The following mixtures were used as the starting solution: 4 ml of 50 mM KCl; 0.9% NaCl; 0.1 phosphate buffer pH 7.0 1 ml 250 mM (2.2.2) cryptate; 50 M KCl; 0.9% NaCl; 0.1 M phosphate buffer.

The addition of the complexing agent led to a reduction in the K activity by more than 50%. Only a slight shift in pH in the alkaline range occurred. The pH shifted by 0.4 units to pH 7.4. Table

+ + pH value of the K conc. the K -conc. according to the pH of the

Starting solution Starting solution Cryptate addition mixture

7.0 50mM 22 7.4

Claims

P a t e n t a n s r u c h e

1. Medicament for combating circulatory disorders, that is, that it contains at least one potassium ion-trapping substance as active ingredient at physiological pH values, if appropriate together with conventional physiological additives, solvents and / or diluents.

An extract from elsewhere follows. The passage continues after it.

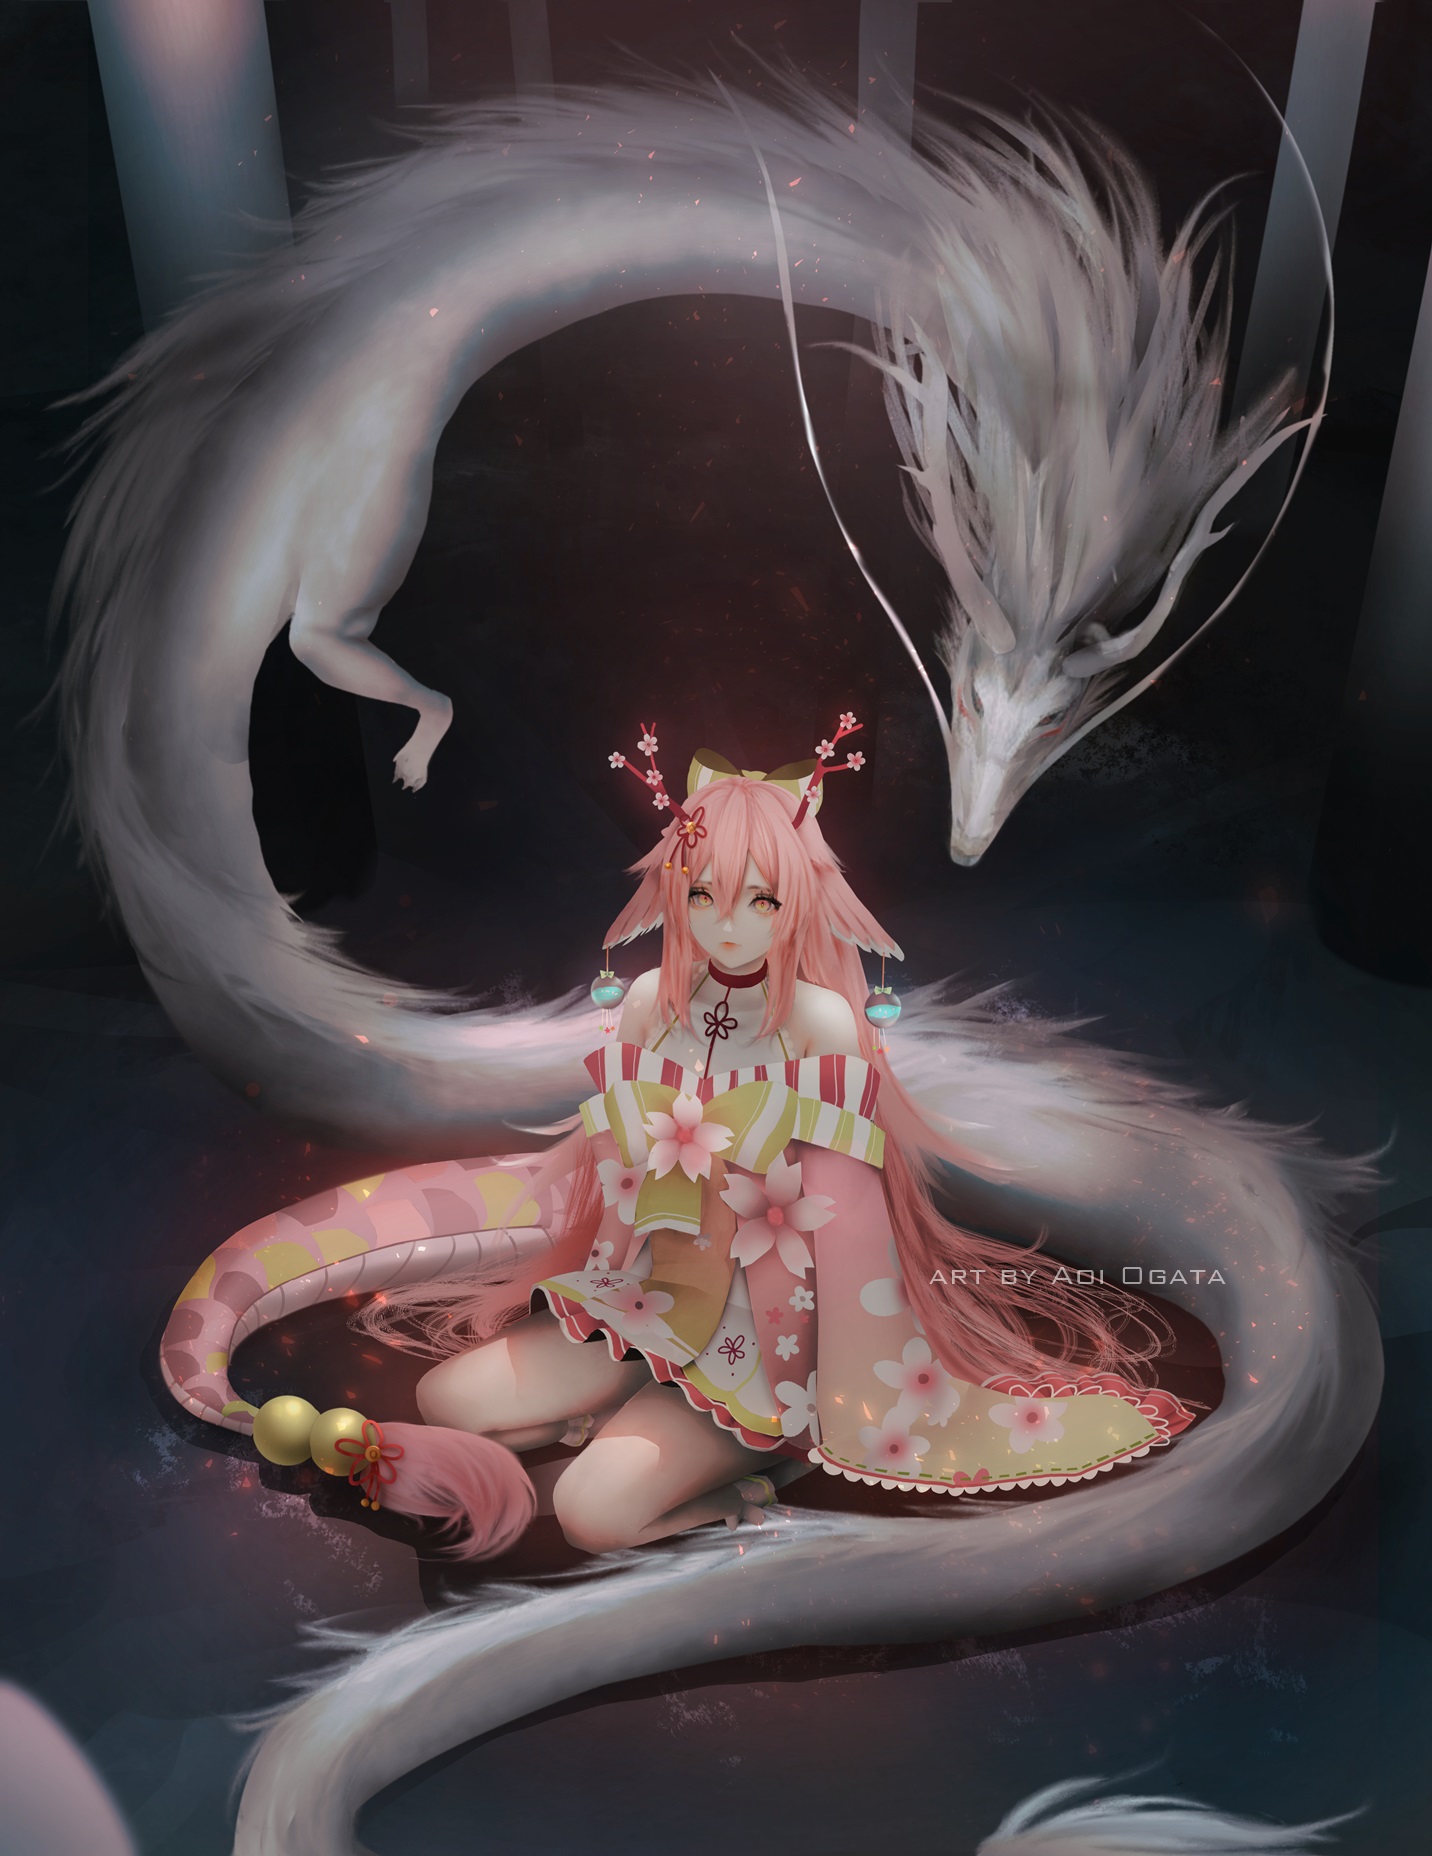 anime girl with dragon horns

2. Medicament according to claim 1, d a d u r c h g e k e n n z e i c h n e t that it is a compound of the general formula:

wherein R, R ₂ and R_ each represent an alkyl group with 1 to 4 carbon atoms and n, p and q independently of one another are an integer from 1 to 5.

Medicament according to claim 1 or 2, d a d u r c h g e k e n n z e i c h n e t that it as the potassium-intercepting substance the compound

_{/ C} H ₂ -CH ₂ 0-CH ₂ CH ₂ 0-CH ₂ -CH ₂

N \ - CH2-CH 2--0-CH 2CH20-CH 2CH-2, ^ N

CH ₂ -CH ₂ 0-CH ₂ CH ₂ 00-CH ₂ CH ₂

contains. 4. Medicament according to claim 1, characterized in that it as

Potassium ^* trapping substance is a compound of the general formula:

where the C atoms 1, 2 and 7, 8 can be part of a cyclohexyl or benzyl group, which is optionally substituted with hydrophilic groups.

5. Medicament according to one of the preceding claims, d a d u r c h g e k e n n z e i c h n e t that it contains the potassium ion-trapping substance in such a concentration that the potassium ion concentration is adjusted to 3 to 20 mmol.

6. Medicament according to one of the preceding claims, d a d u r c h g e k e n n z e i c h n e t that it contains as an additive buffer substances and / or thrombolytic additives and / or anti-edematous additives.

7. Medicament according to one of the preceding claims, which also means that it additionally contains calcium antagonists.

8. Medicament according to one of the preceding claims, characterized in that it is rheologically effective Infusion for blood hemodilution is included.

9. Use of the medicament according to one of the preceding claims for combating peripheral circulatory disorders.

10. Use of the medicament according to one of claims 1 to 8 for combating cerebral circulatory disorders.

11. Use of the medicament according to one of claims 1 to 8 for combating coronary circulatory disorders.